How Embarrassing!
by RaspberryBlue01
Summary: The girls are way too embarrassed to go out and buy personal items for themselves, so they send the guys out instead! Non-yaoi, usual straight pairings, rated PG for mild sexual dialogue.


Disclaimer: I don't owm Gundam Wing. If I did, I'd find other things to do with my time besides writing fanfiction. I don't own Wal-Mart, or anything else in this story that's already copyrighted. So like I've been saying all along, if ya wanna sue it, screw it! 

It's my second fanfic! ^_^ I wrote it while I was visiting my aunt. She doesn't like 2 shop, so she sends my poor uncle out instead. I woke up one day thinking about it (dunno why), and then I thought a GW fanfic about this would be perfect! Please R&R! 

"How Embarrassing!"  
by *~Mercedes Yuy-Masaki~*

"HEEEEEEEEEEEEEEERRRROOOOOOO!!!!" Relena's voice rang throughout the Peacecraft mansion. She needed him to go to Wal-Mart to pick up a few things, because as the former queen of the world, she was way too embarrassed to go herself. She searched the house and soon found Heero at the computer, hacking into confidential Oz files. "I knew I'd find you here," said Relena. 

Heero simply responded, "Hn." 

"Heero, while you're still on the subject of confidential matters, Pagan's sick, so could you do a little shopping for me?" Relena handed him her list. 
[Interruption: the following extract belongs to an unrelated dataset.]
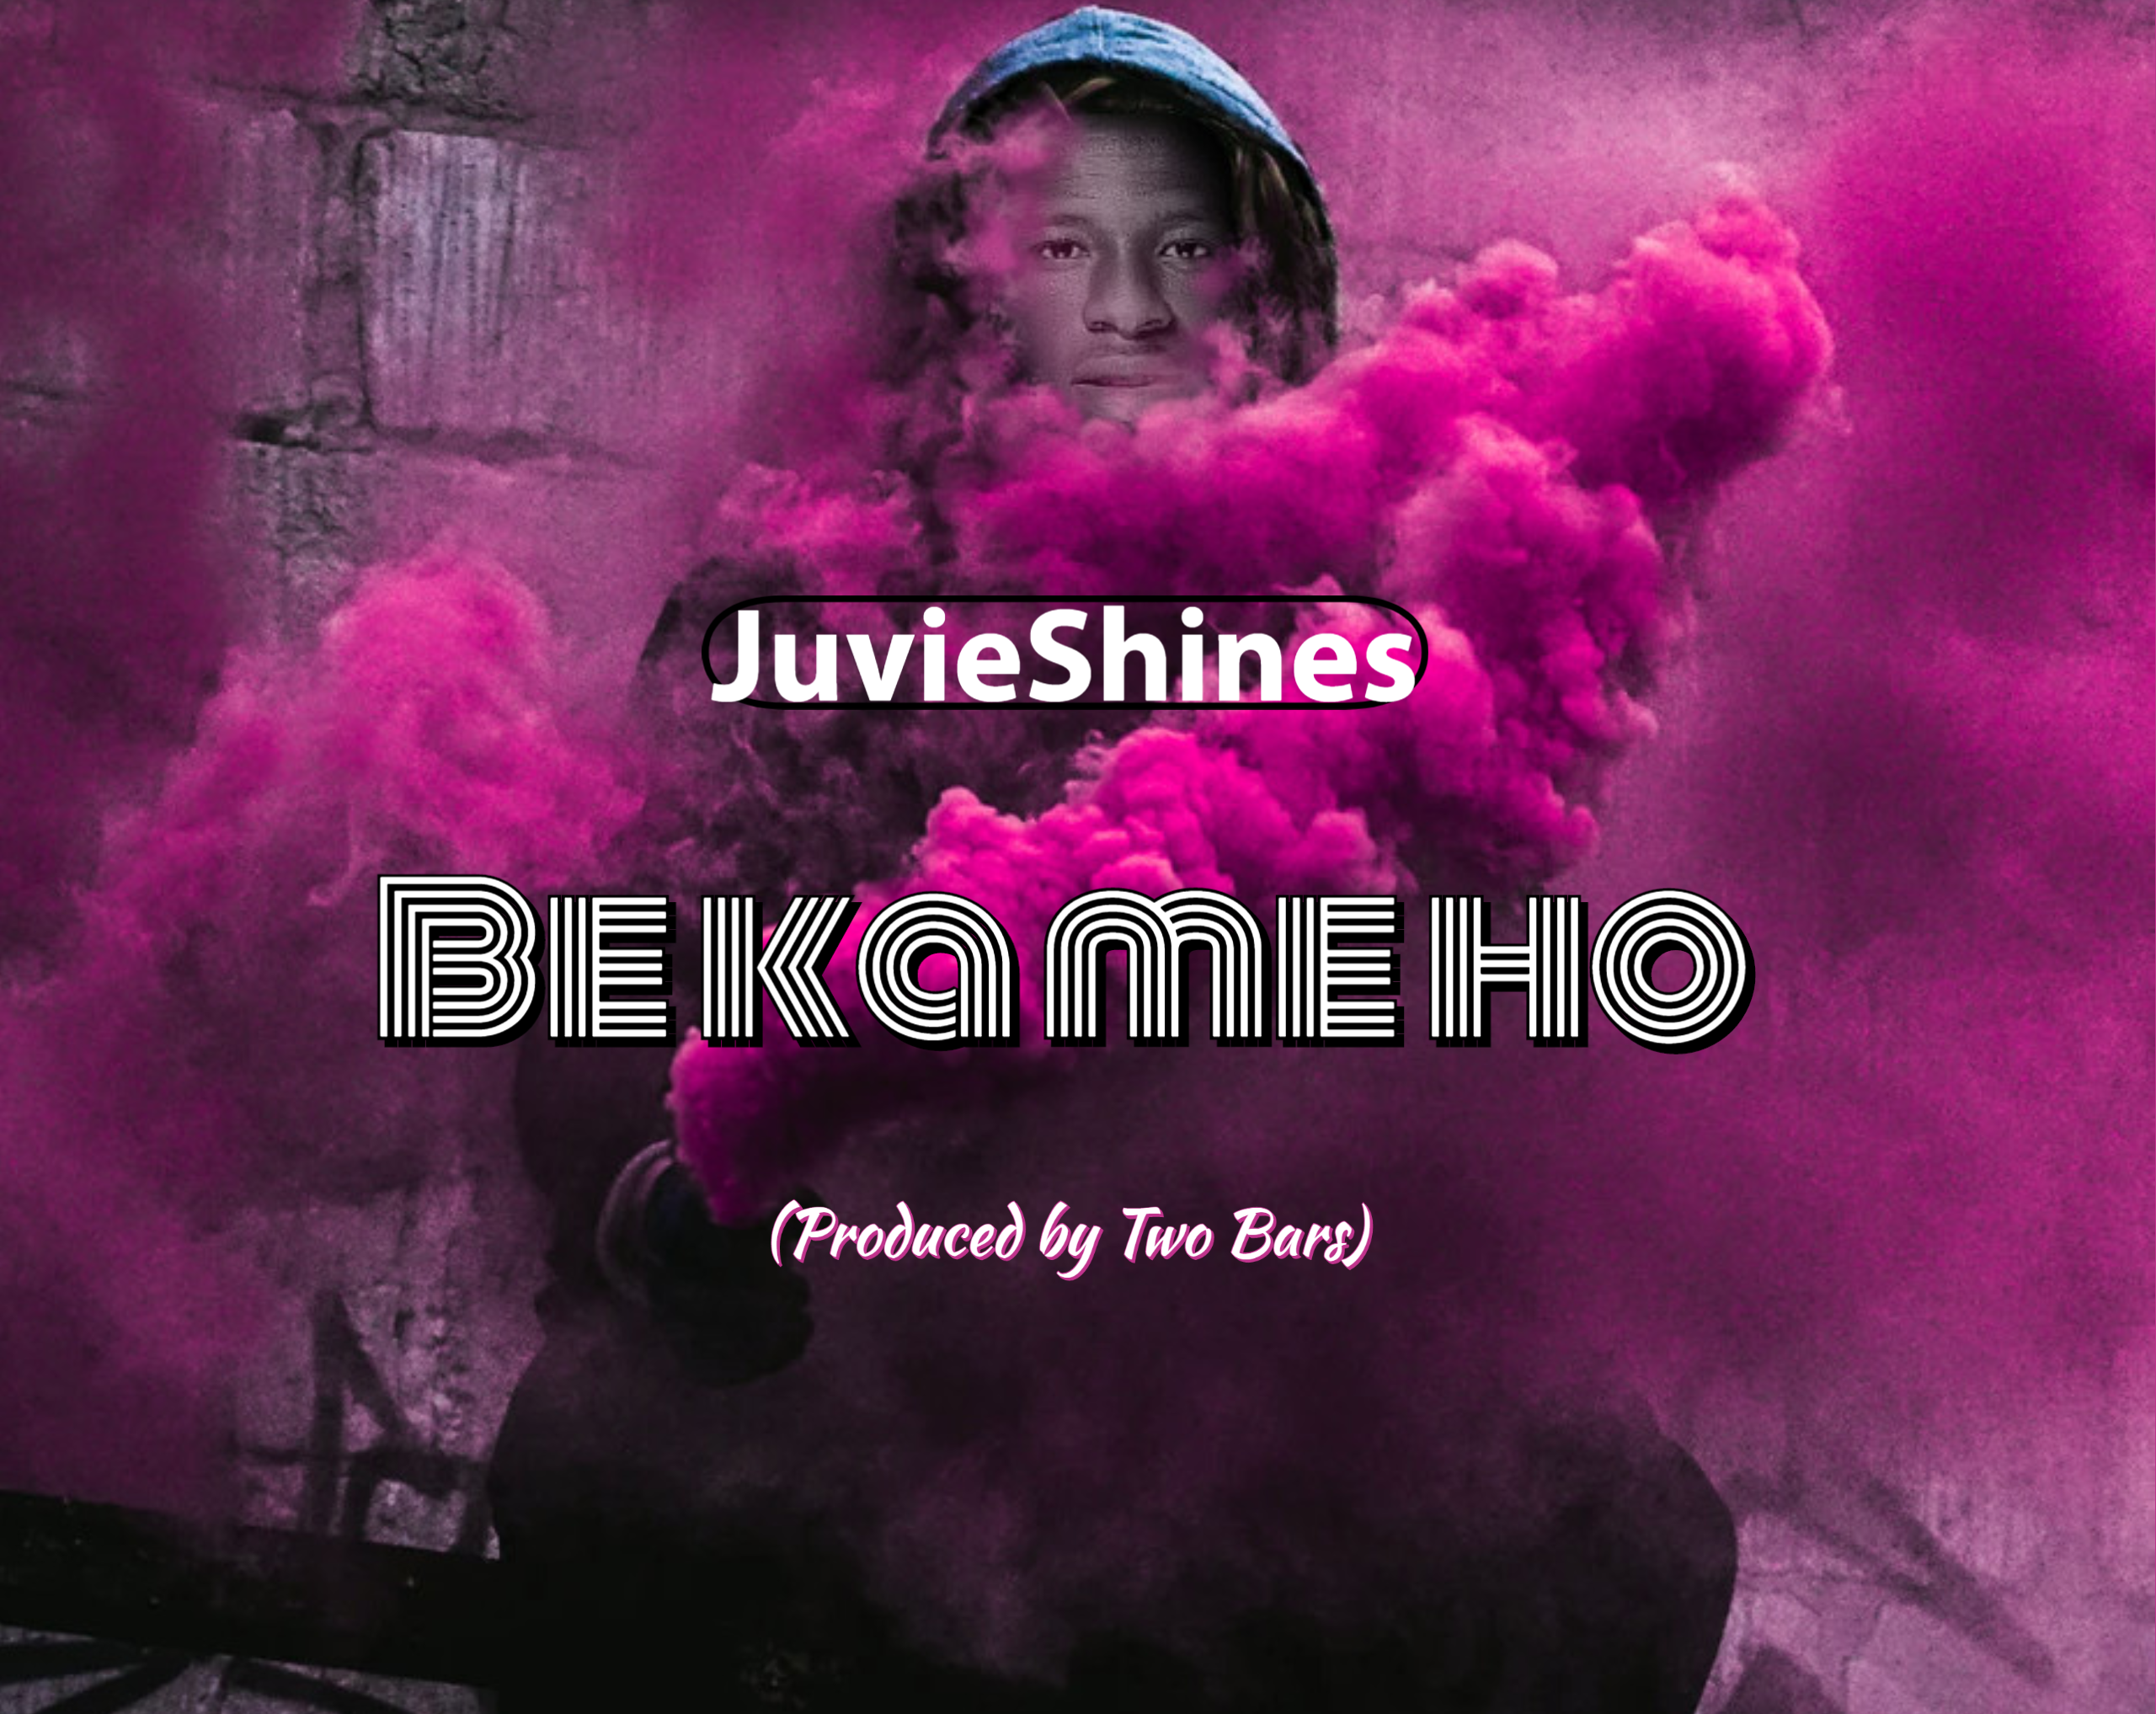 JuvieShines - Be Ka Me Ho

Heero examined the list, made a few scared facial expressions, and answered, "Mission accepted." 

"Thank you, Heero." 

And so, the great Heero Yuy set off on his most difficult mission yet--buying personal items for Miss Relena. All the way to Wal-Mart, he grumbled things like, "Why can't she do her own shopping?" and, "I don't even know what half this stuff is!" When he got there, he strolled in nonchalantly, grabbed a cart, and looked at the first thing on the list. "Feminine napkins, hn." He looked up at the ceiling for any sign that might indicate the Houseware section. Once he found it, he wheeled his cart over to the aisle where the napkins were. He gazed in awe at how many designs there were to choose from. Finally, his eyes landed on a package full of napkins with a pink floral print on it. "These look feminine enough," Heero said to himself, I wonder what Relena was so embarrassed about." He tossed the package into his cart and went on his merry way. 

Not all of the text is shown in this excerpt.